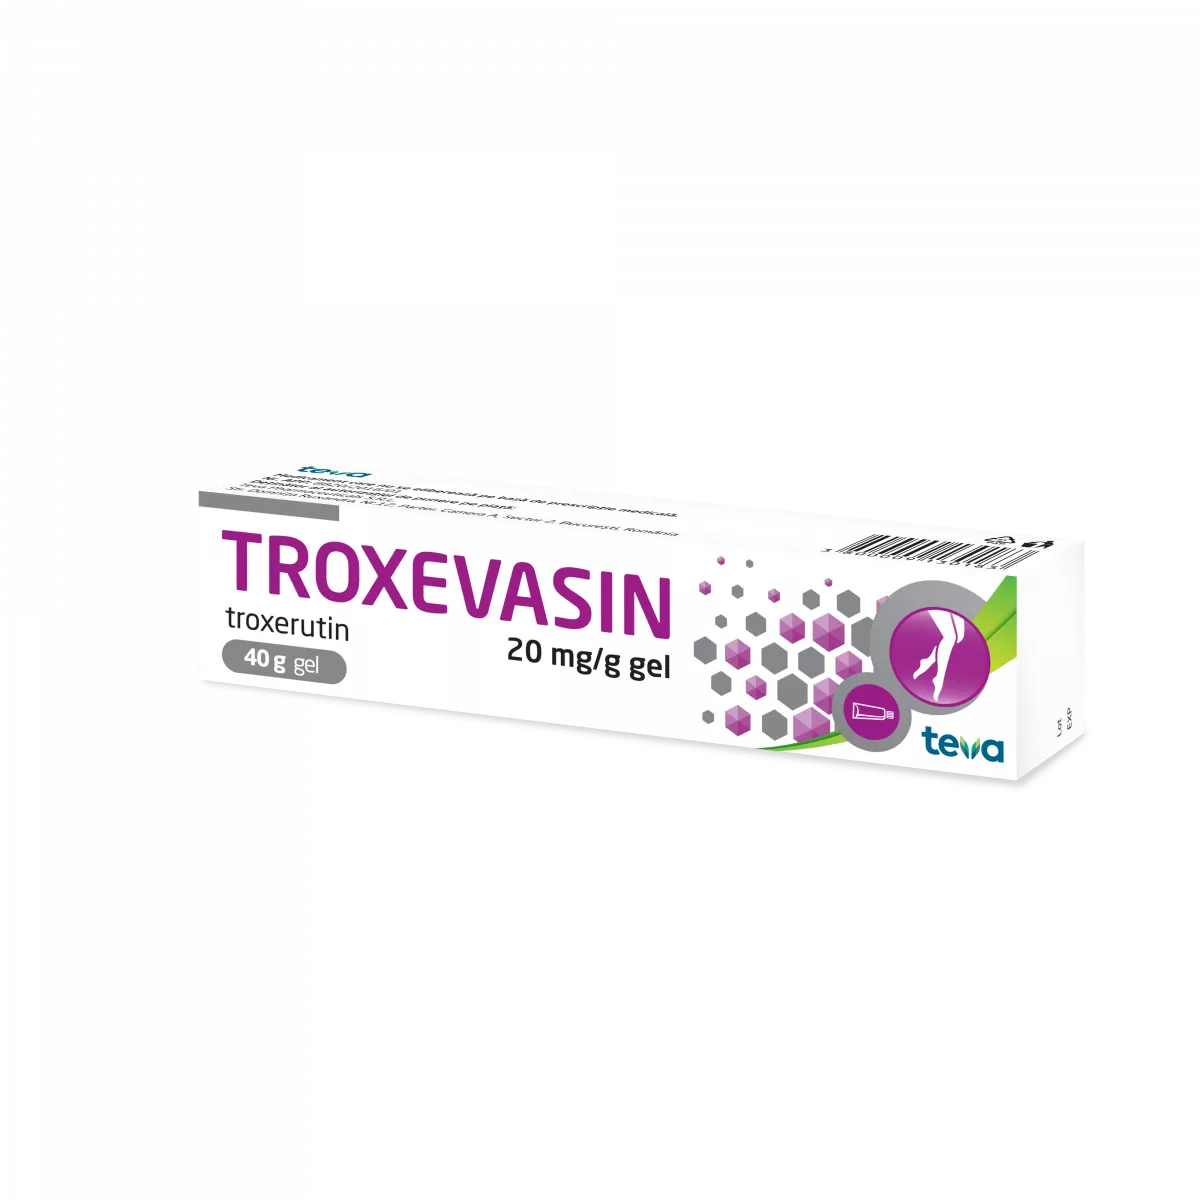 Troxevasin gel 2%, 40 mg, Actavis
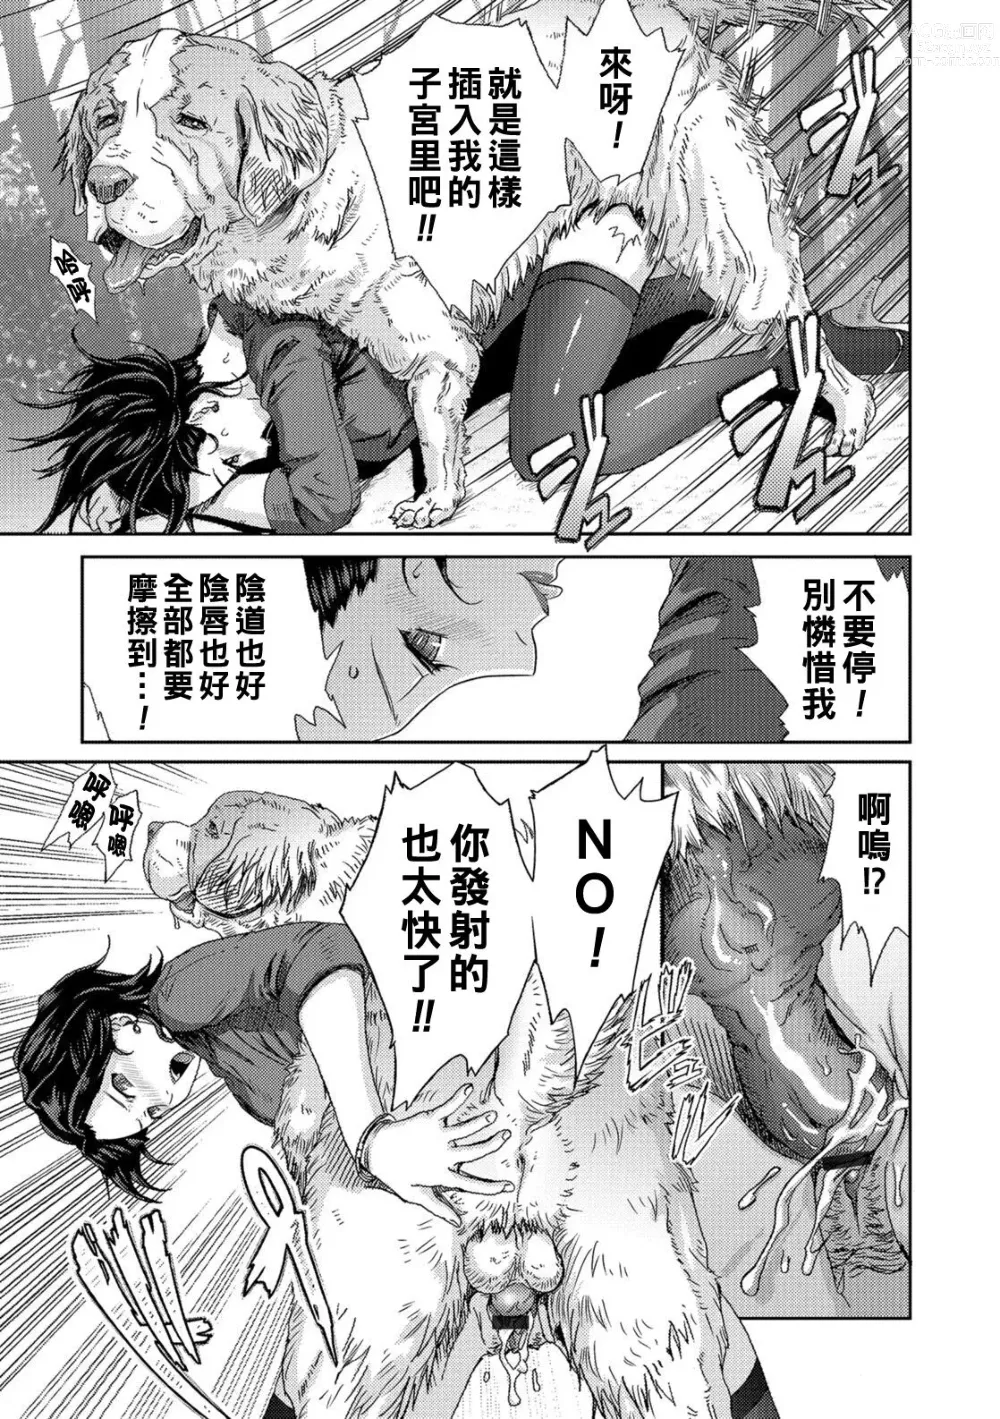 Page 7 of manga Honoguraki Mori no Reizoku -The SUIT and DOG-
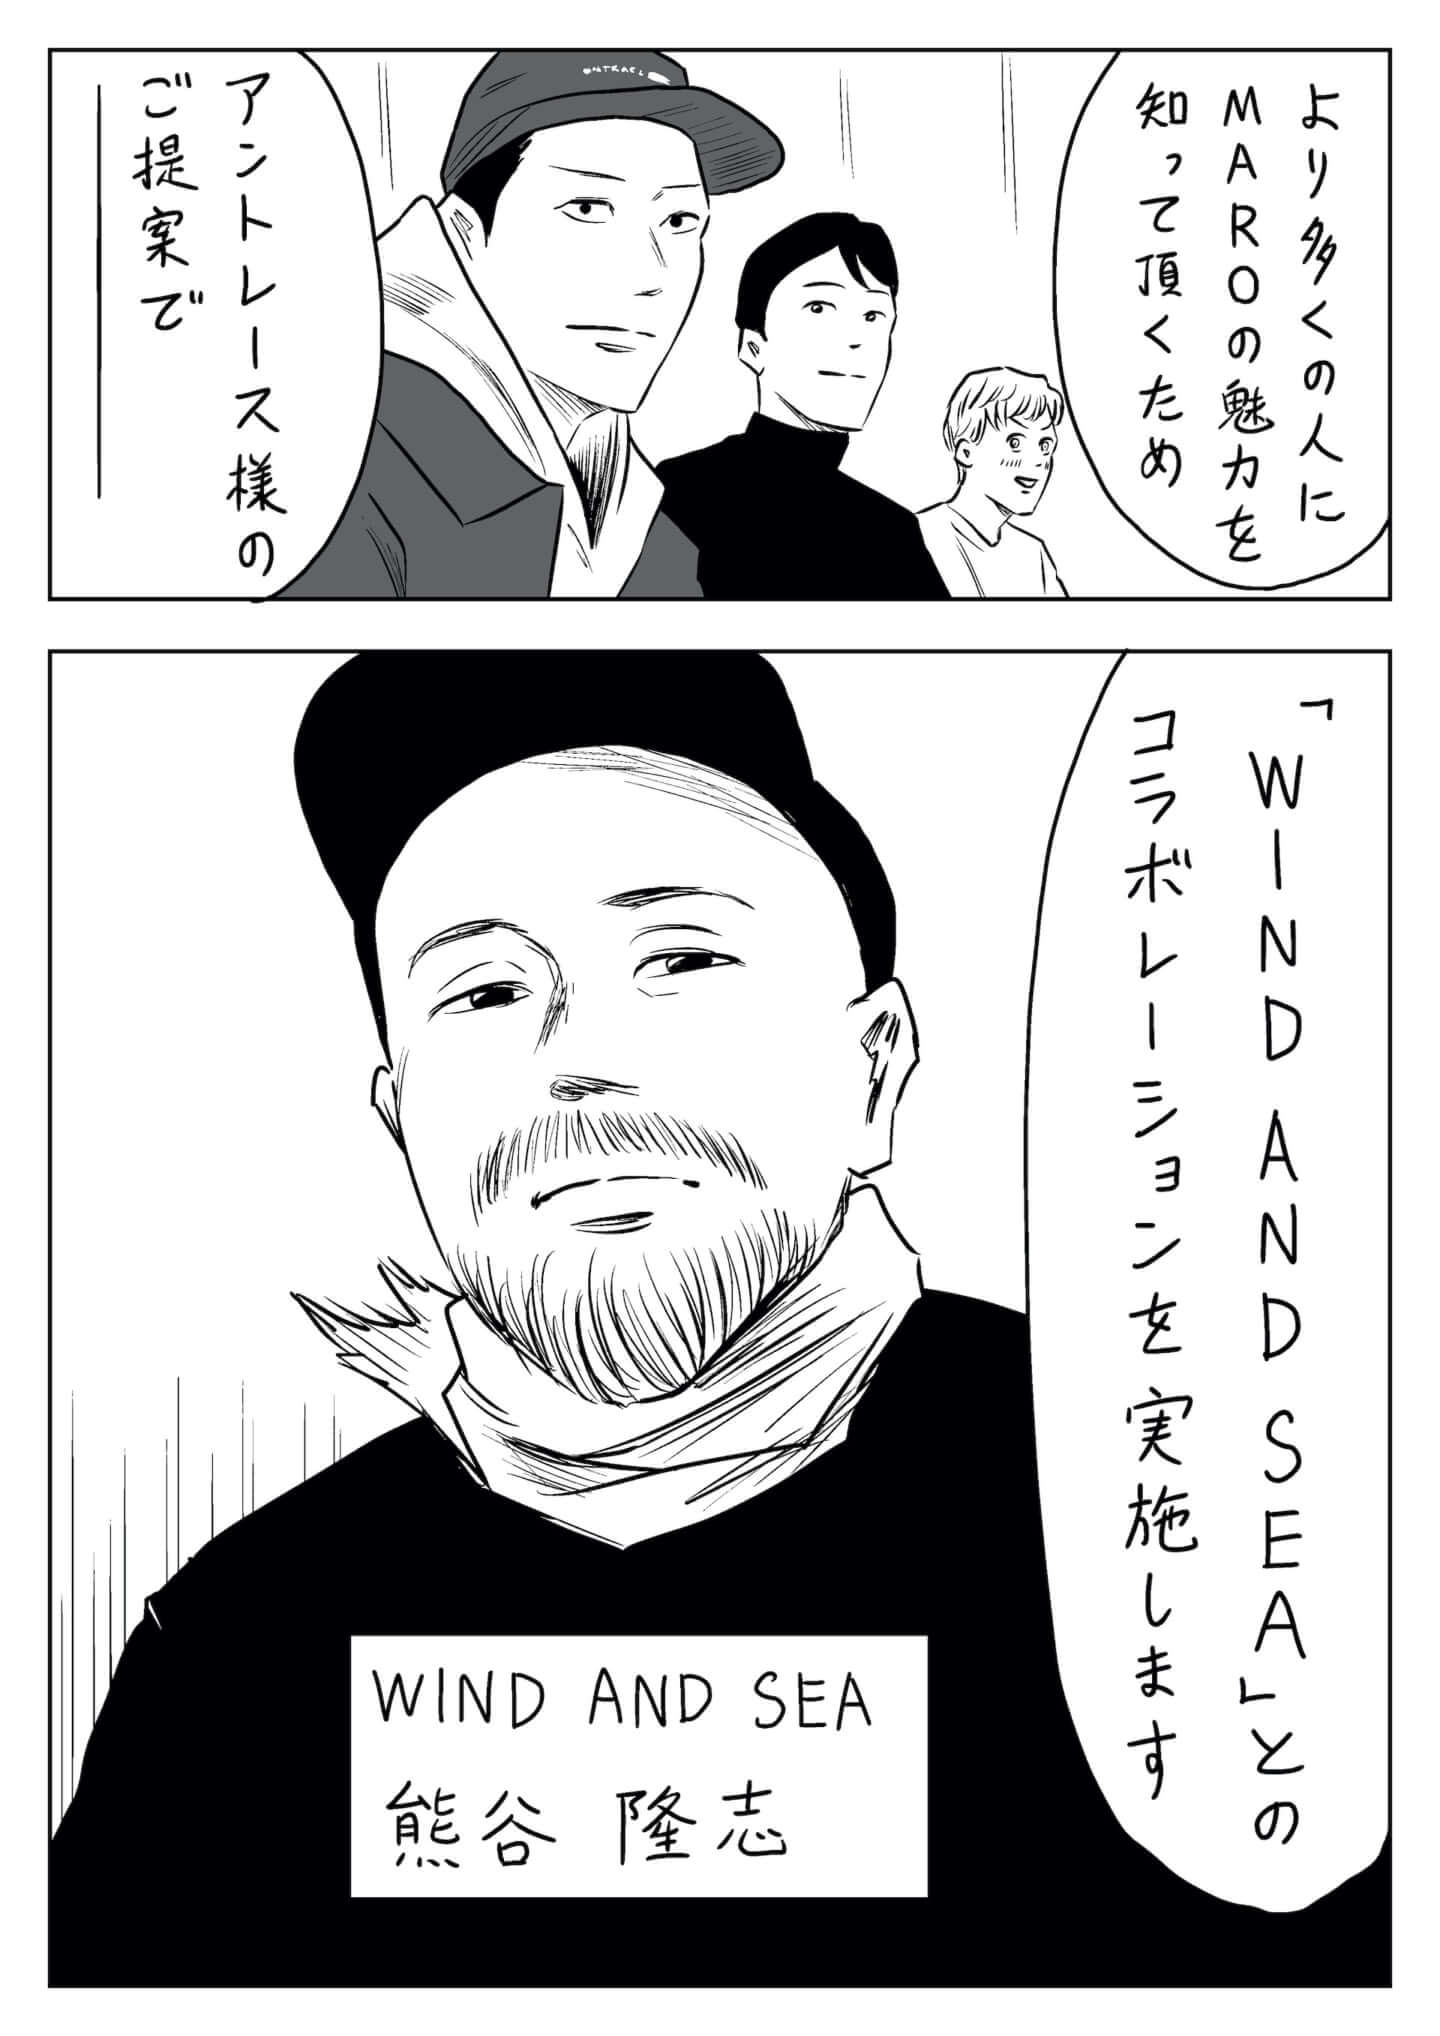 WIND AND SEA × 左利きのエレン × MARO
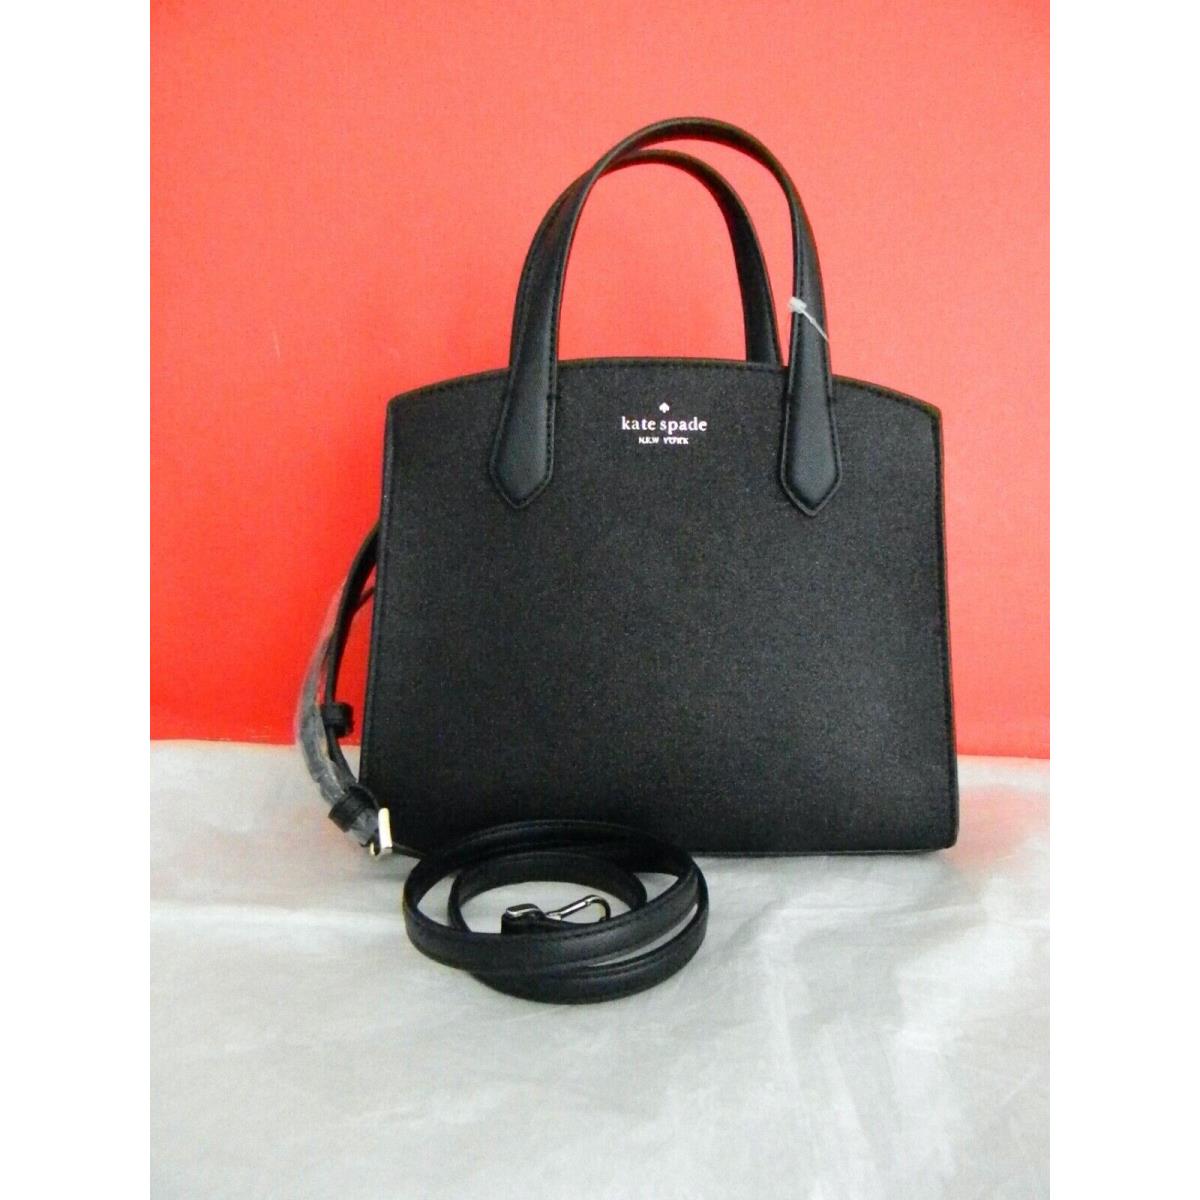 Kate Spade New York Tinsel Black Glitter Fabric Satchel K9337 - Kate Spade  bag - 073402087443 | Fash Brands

○ ○ ○

> _Work request_:
Every line above should be retyped exactly; the pictures do not belong in the copy.

> _Output for this exercise_:
 Troxevasin gel 2%, 40 mg, Actavis
 Page 7 of manga Honoguraki Mori no Reizoku -The SUIT and DOG-
 WIND AND SEA × 左利きのエレン × MARO
 Kate Spade New York Tinsel Black Glitter Fabric Satchel K9337 - Kate Spade  bag - 073402087443 | Fash Brands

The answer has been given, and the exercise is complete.